Domestic problems were compounded by a serious argument with John Hunt about the ownership of
The Examiner
.
The dispute was long and bitter, and it was a major blow to Hunt, since it threatened financial disaster and sparked the disintegration of the fraternal relationship which had underpinned the whole of his career. At John Hunt’s suggestion, Leigh had withdrawn as co-proprietor of
The Examiner
in 1819. He did so in order to ensure the paper’s survival after the government strengthened censorship and libel laws in the wake of Peterloo, and he continued to think of himself as a sleeping partner in the enterprise, still entitled to half
The Examiner
’s profits.
John Hunt saw things differently. His brother no longer bore the legal burden of proprietorship, and John viewed his decision to go to Italy at a time when the newspaper was in trouble and John himself was serving a prison sentence as an abandonment of his editorial responsibilities. After John’s release from Coldbath Fields increasingly tense letters flew back and forth between the brothers until John, galled by Leigh’s tone, informed him that he had no claim on
The Examiner
, and would in future be paid no more than the standard piece-rate of two guineas per article for his contributions. John also offered his younger brother an annuity of £100 a year in recognition of his years of service at the paper. He was not, however, inclined to be more generous. Over the years Leigh had borrowed vast amounts of money from him – by some accounts, as much as £18,000. (This was far more, for example, than Shelley, on an allowance of £1,000 per annum, had received from his father.) Given John’s imprisonment and the scale of Leigh’s debts, the fact that the relationship faltered is perhaps less surprising than the fact that John supported his brother for so long.

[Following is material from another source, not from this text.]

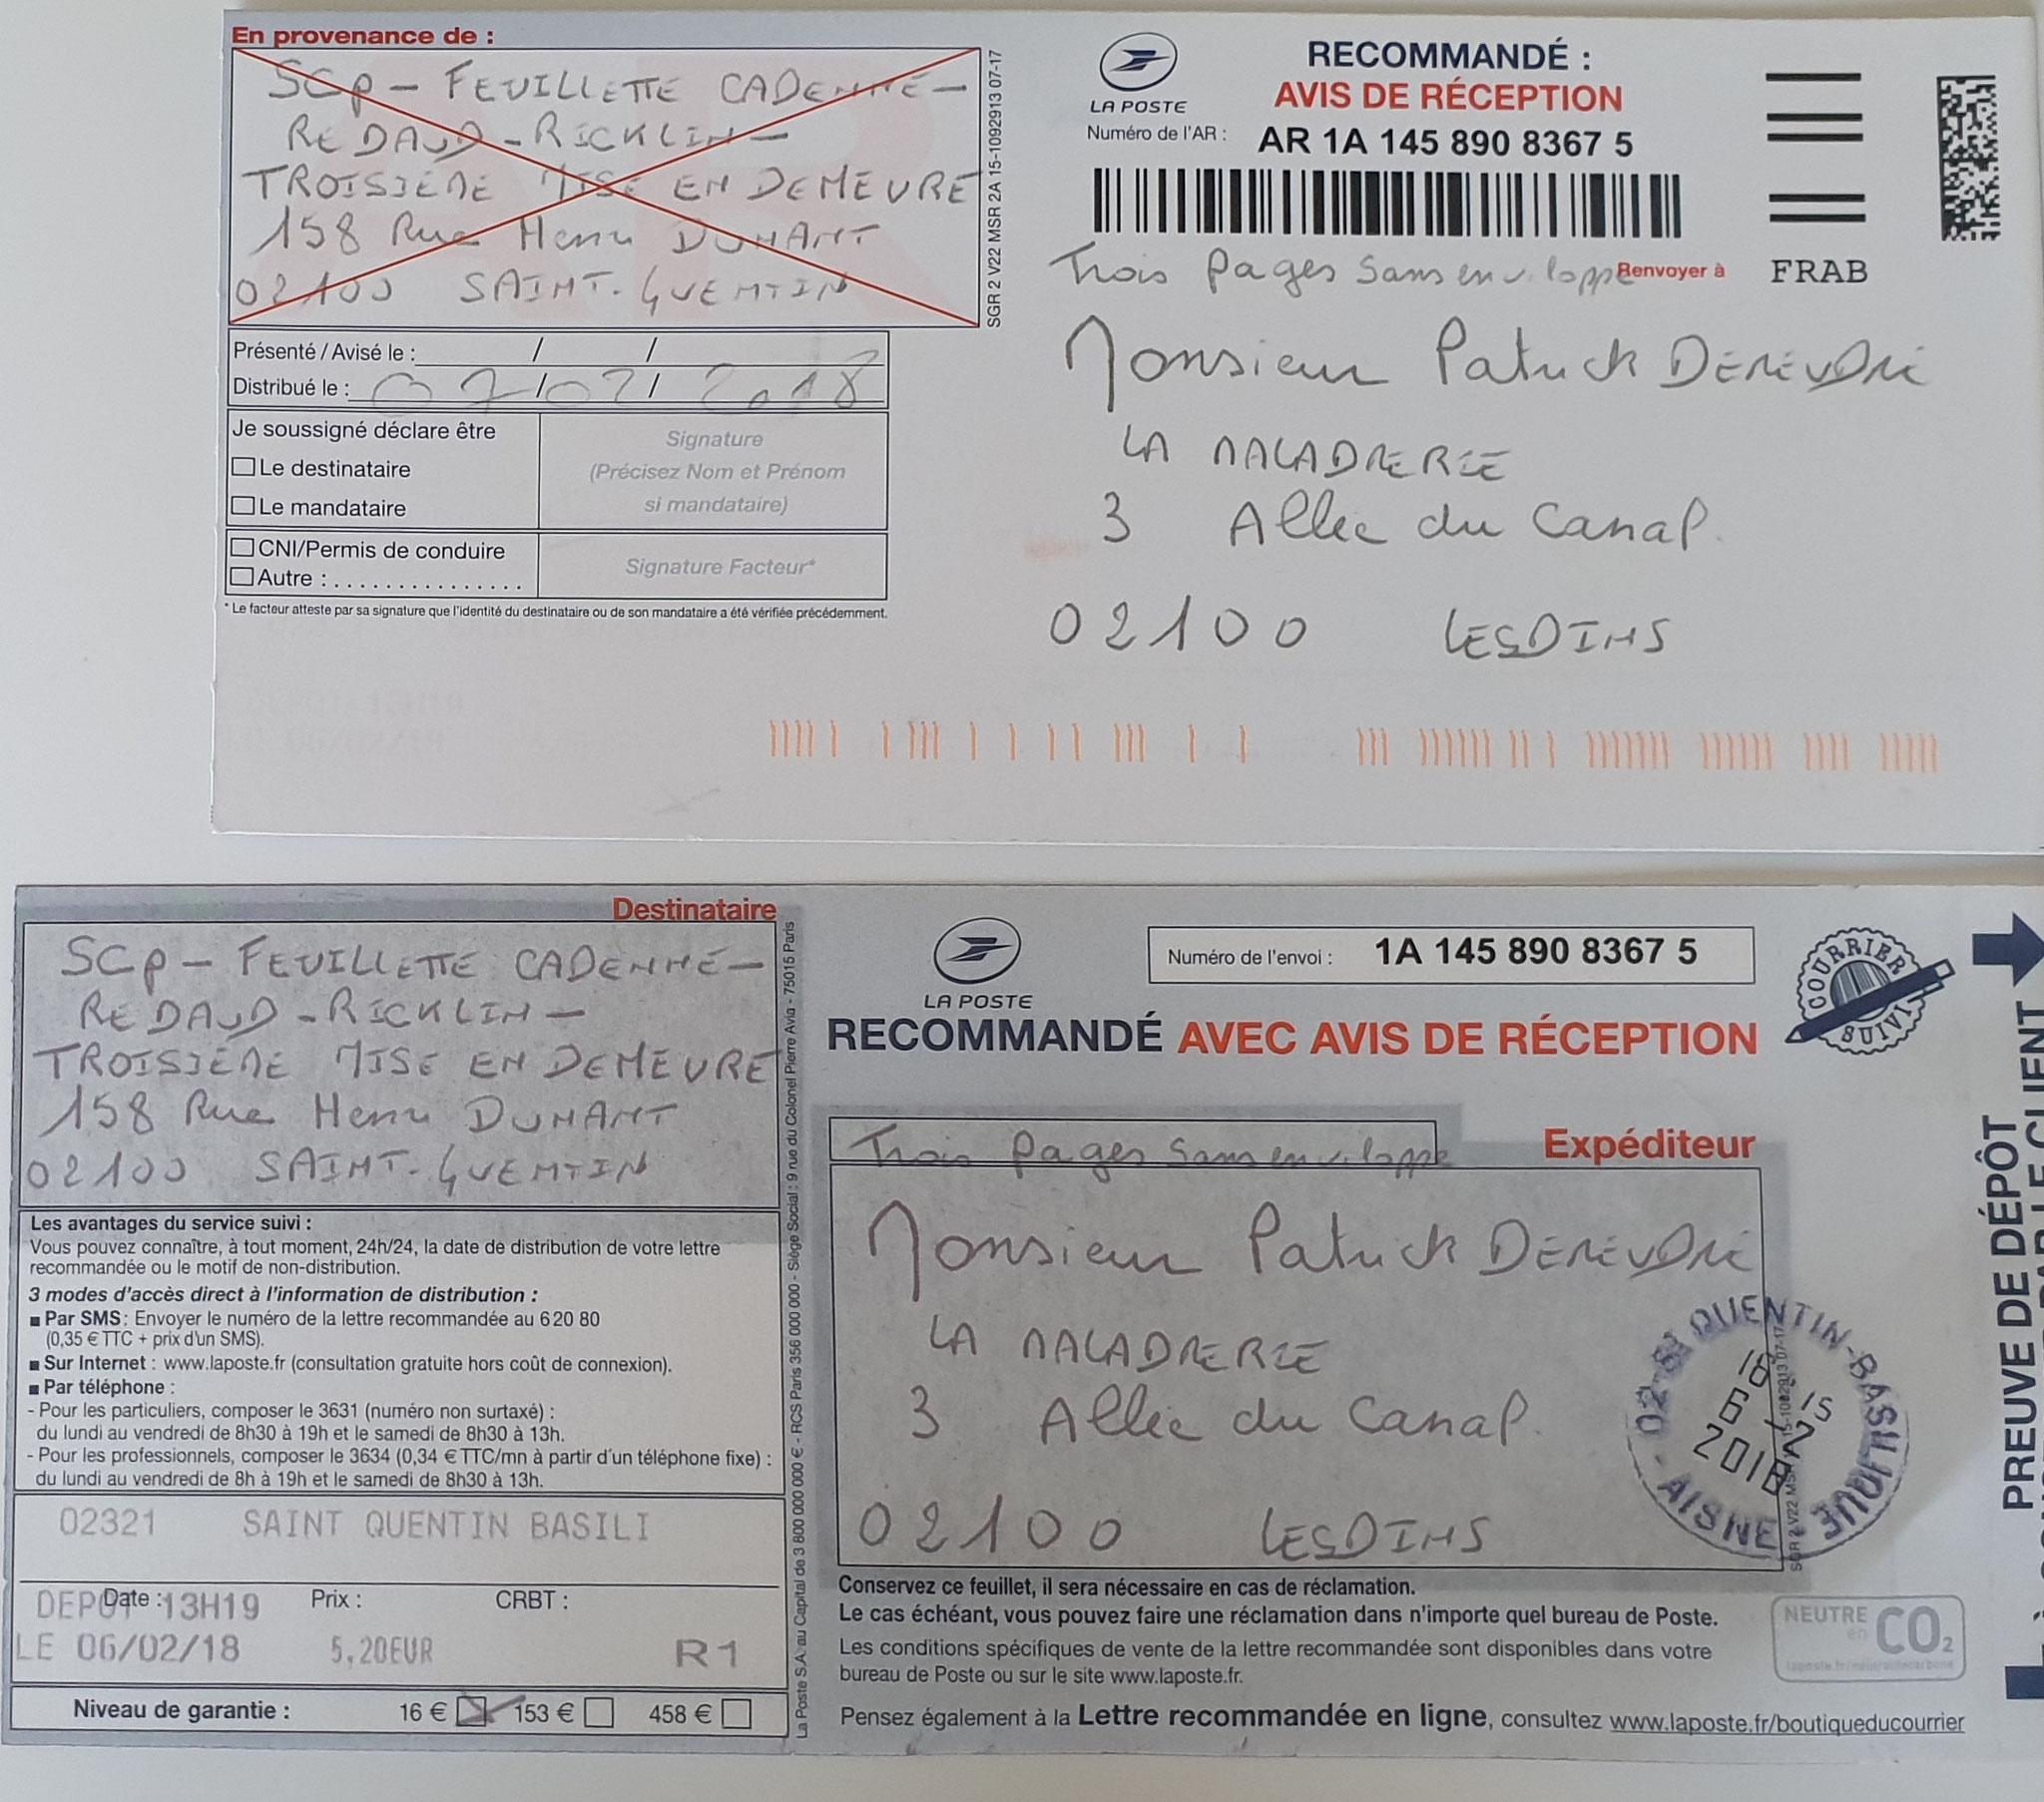 Le 06 Février 2018 Troisième LRAR N0 1A 145 890 8367 5 (trois pages) www.jenesuispasunchien.fr www.jesuisvictime.fr www.jesuispatrick.fr
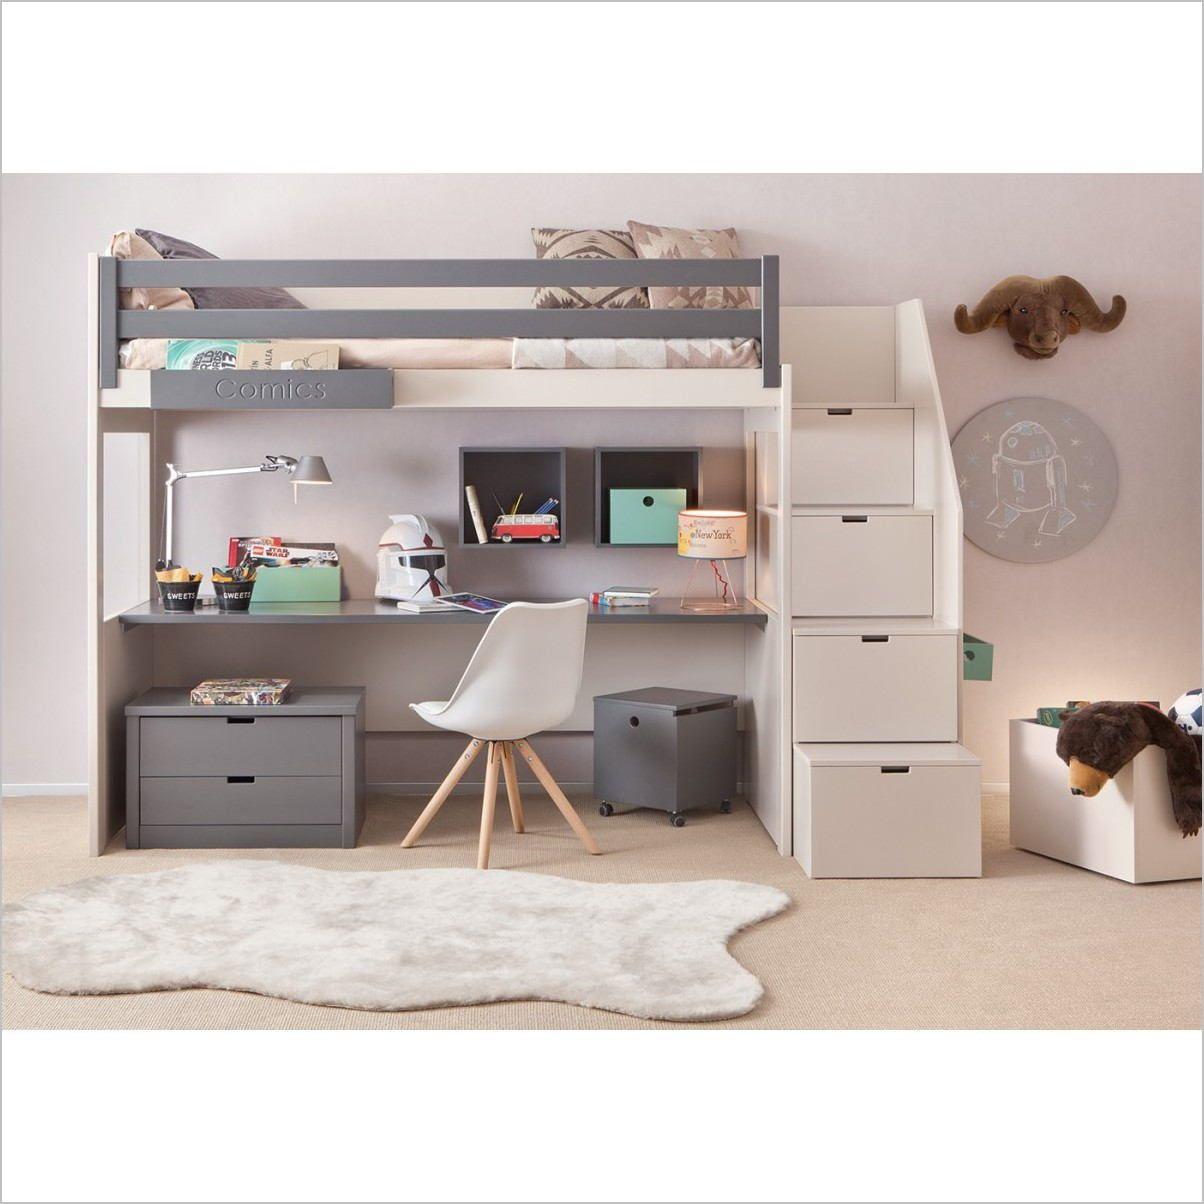 Chambre Enfant Lit Mezzanine Deco Prune In 2020 Loft Bed Living

For Leigh, however, the dispute was financially calamitous and a devastating personal betrayal. He took advice from Charles Brown, who made a detailed study of the various accounts of
The Examiner
’s history and ownership. John, who was also distressed to find himself at odds with the sibling with whom he had worked for many years, suggested that they submit their dispute to a binding arbitration, to be conducted by their friends. Prompted by Mary, Novello agreed to act as an arbitrator, and one of his first actions was to convince Leigh to accept the annuity of £100 a year on a temporary basis, in order to allow him to feed his family. But with such limited resources available, it was impossible for the Hunts to come home, even though they had no way of supporting themselves in Italy. It appeared that they were doomed to perpetual exile, separated for ever from their friends and family by Hunt’s inability to earn money.